Victoria H. Freedman, T. A. Calvelli, S. Silagi, S. C. Silverstein

Research output: Contribution to journalArticle

26 Citations (Scopus)

Abstract

We have demonstrated that a murine cytotoxic peritoneal cell can be elicited by intraperitoneal immunization with heat-killed Mycobacterium bovis, strain Bacillus Calmette-Guerin (BCG).
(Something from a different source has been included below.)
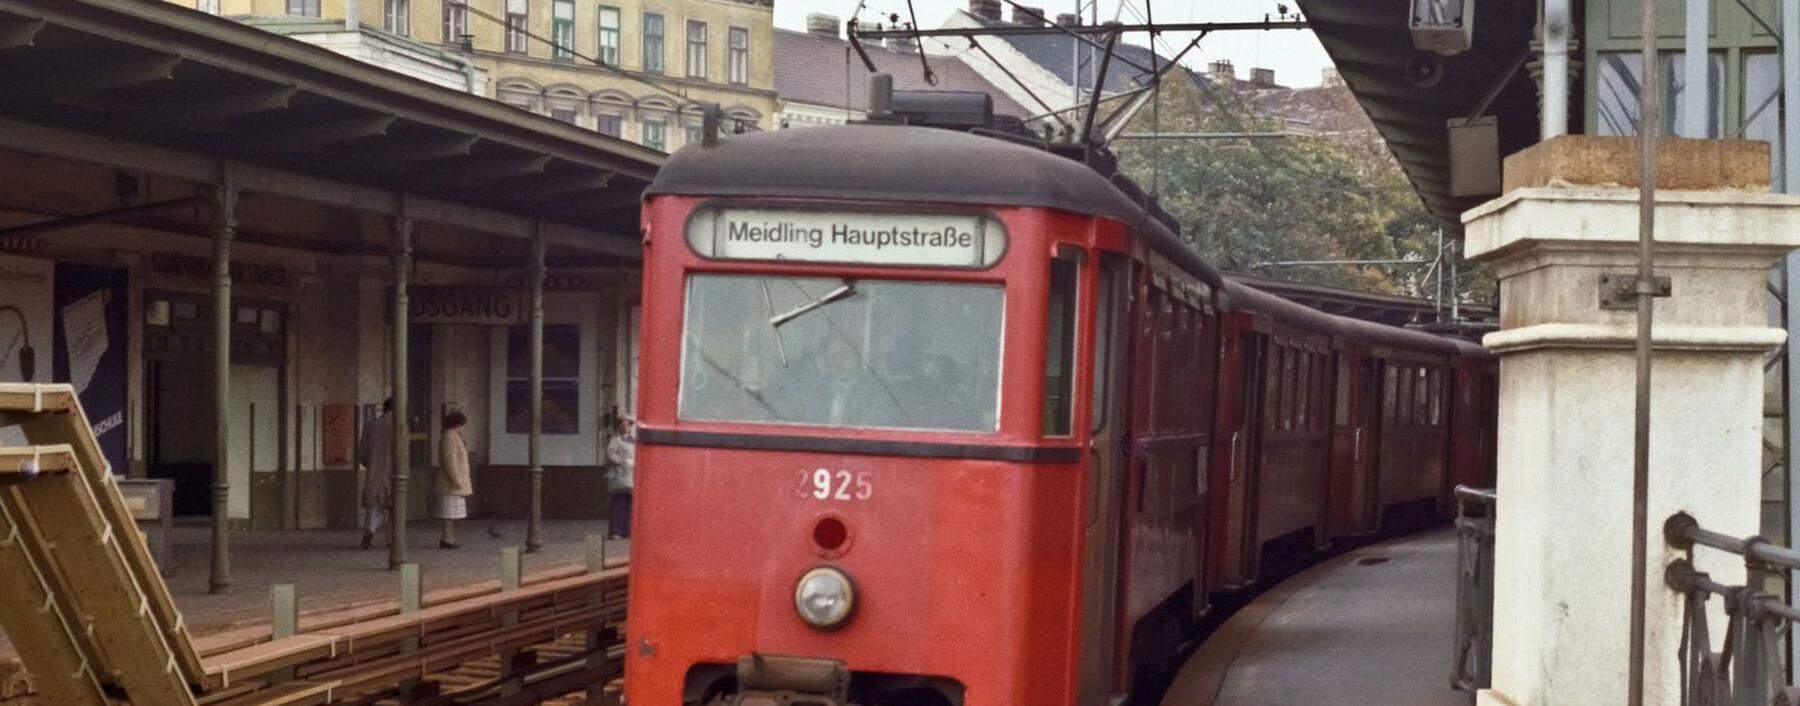 Stadtbahn. Es war ein regelrechtes Rumpeln, es war langsam und unkomfortabel. Die Stadtbahn war ein antiquiertes Relikt. Erst Ende der 1980er-Jahre kam der Umbau zur U-Bahn.

When these cells are injected together with cells of clone B559 of B16 melanoma in a Winn-type transfer assay into syngeneic C57BL/6J mice, the tumorigenic potential of the melanoma is completely abrogated. Similarly, mice immunized intraperitoneally with dead BCG are protected against intraperitoneal challenge with a number of B16 melanoma cells sufficient to cause tumors in 100% of control mice. However, mice immunized intraperitoneally with dead BCG are not protected against tumor formation when B16 melanoma cells are injected subcutaneously. Co-injection of BCG-elicited peritoneal cells with B16 melanoma cells into nude or sublethally irradiated (650 rad) mice inhibits tumor formation in >85% of the mice, indicating that additional participation of host bone marrow- or thymus-derived leukocytes is not required to eradicate the tumor implant. The effector cell in the BCG-induced peritoneal exudate is adherent and phagocytic and is a mononuclear phagocyte. Nonadherent lymphoid cells from the same BCG-induced peritoneal exudate and from thioglycollate-broth-elicited granulocytes and macrophages neither prevent nor delay B16 tumor formation.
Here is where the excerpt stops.